Mapping and Demystifying Carbon Capture and Storage

This year’s Climate and Society class is out in the field (or lab or office) completing a summer internship or thesis. They’ll be documenting their experiences one blog post at a time. Read on to see what they’re up to.

Fatima Cecunjanin, C+S ’16

Geoengineering is a term that climate aficionados and anyone with an opinion on environmental issues tends to perceive with apprehension and mistrust due to the ambiguous, potentially dangerous side effects of manipulating natural processes of the environment. Of course the Industrial Revolution turned out to be a kind of unintended geoengineering catastrophe with exceptional effects on global climate that we are experiencing today. With that said, many would question the logic behind seeking out other ways to meddle with the climate when so much damage has already been done.

Transitioning from fossil fuels to renewable energy is the preferred climate mitigation strategy because of its environmentally benign nature, and the potential to rapidly scale it up. But this only curbs greenhouse gas emissions from burning fossil fuels. The carbon dioxide and other greenhouse gases we’ve already emitted will linger in the atmosphere for up to 200 years and will have profound effects on the climate for centuries to come.

The Intergovernmental Panel on Climate Change’s 5th Assessment Report suggests that the world should not only strive to reduce emissions, but also aim for net negative emissions to avoid the worst impacts of climate change. While natural sinks like soil and trees can take care of some of the job, they can’t handle the entire burden.
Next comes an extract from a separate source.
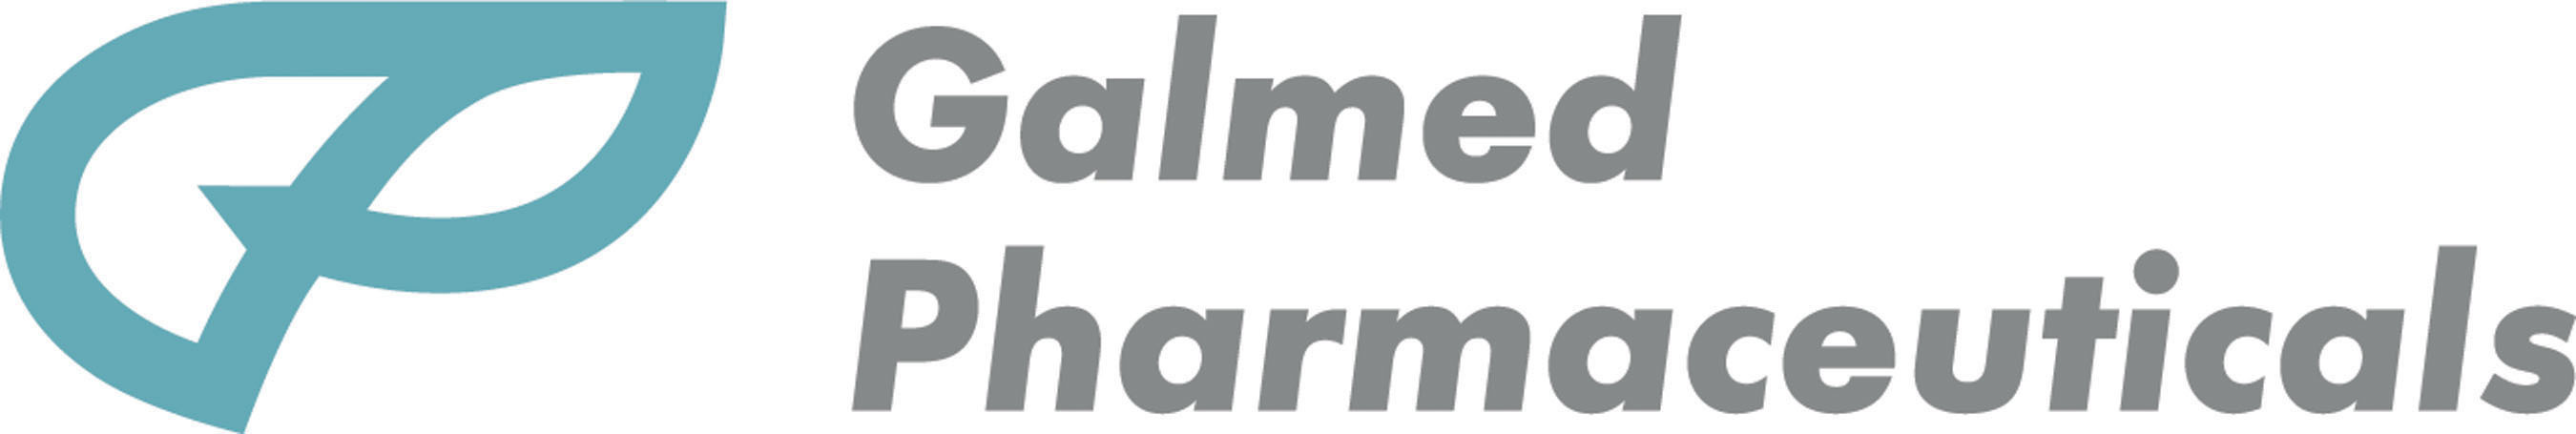 Galmed Pharmaceuticals, Ltd. (PRNewsFoto/Galmed Pharmaceuticals, Ltd) (PRNewsFoto/GALMED PHARMACEUTICALS, LTD)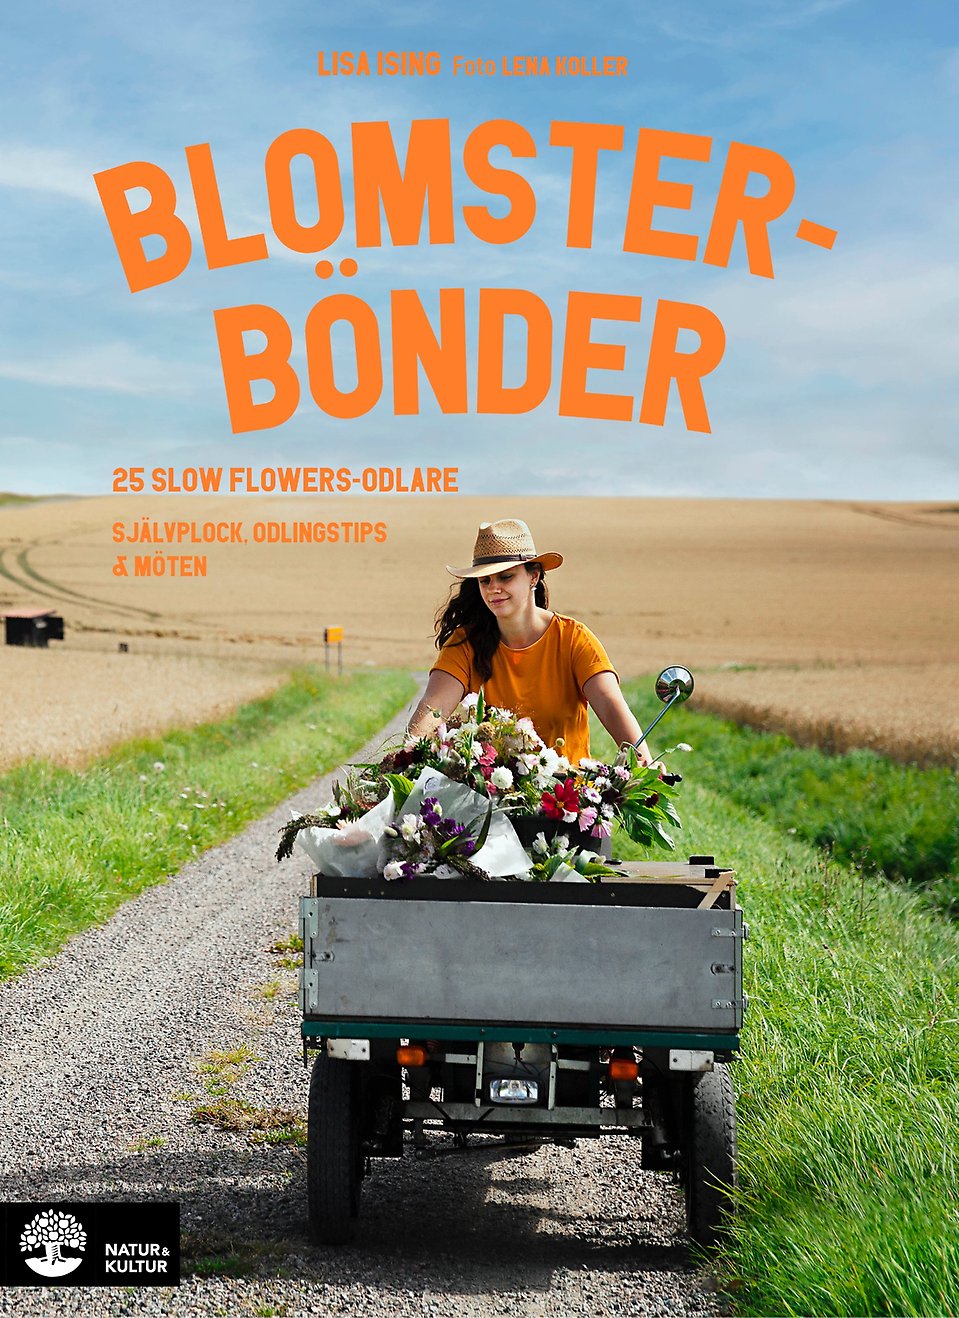 Omslaget på boken "Blomsterbönder" av Lisa Ising. Lisa kör en liten flakbil med flera färgglada buketter på.

Carbon capture and storage (CCS) projects, if scaled widely, can potentially provided the added negative emissions needed to keep the world from dealing with catastrophic climate change.

Air capture technology, such as that developed by Klaus Lackner at the Center for Negative Carbon Emissions, is an exciting feat of science and ingenuity, though it’s still relatively new technology not ready for scaling yet. Carbon mineral sequestration — a storage method wherein carbon dioxide reacts carbonate minerals to create rocks — is also in its infancy.

Despite early efforts, there is still a large gap in understanding how this technology works and can be scaled. This is what I had the opportunity to research and map over the summer. It’s clearer to me than before just more information we need about these new forms of technology. How do we demystify this technology and show that it is capable of scaling far and wide?

Preliminary geospatial studies show that hot, dry areas are the most ideal locations for Klaus Lackner’s air capture device. Since the device requires a small amount of energy, co-locating it with wind energy adds another environmental parameter to the map.

Source: Yale Climate Opinion Maps

Mineralizing anthropogenic carbon dioxide within carbonate minerals has the largest capacity, longest storage time, and is the most environmentally benign of any method yet proposed for capturing and storing carbon. A map like the one above, which shows the amount of carbon dioxide that can potentially be stored in asbestos waste tailings, shows that a significant amount of carbon dioxide can be stored using this process with the co-benefit of remediating asbestos. Other pilot projects are proving successful, and something like the CarbFix project in Iceland is another way to show the potential of mineral sequestration and CCS in general.

While browsing the Yale Climate opinion maps, it’s discouraging to see how split the U.S. still is on climate issues. Less than half of American adults believe that global warming is caused mostly by human activities. Many adults also don’t understand where scientists stand on these issues. There is, however, a more promising consensus about what to do with carbon dioxide. Around three-quarters of adults polled expressed support for regulating carbon dioxide as a pollutant, which is a good sign for the future acceptance of CCS as a carbon dioxide management strategy.

One could argue that scaling CCS and putting it on the map is getting ahead of ourselves given the financial, technological, and societal challenges that are still a road block to implementation and large scale application. What we know now is that there is technology that can remove carbon dioxide from the atmosphere, it works, and it’s ready for application. Additionally, mineral sequestration is a proven method to lock carbon dioxide away for millions of years.

While funding is obviously important, I think the main problem is less about finding massive amounts of money for these projects and more about figuring out how they fit into the spectrum of climate mitigation strategies, how they will contribute to carbon removal, and further, how they will fit into society. Conceptual maps and other models can act as starting points for establishing a framework to address these challenges.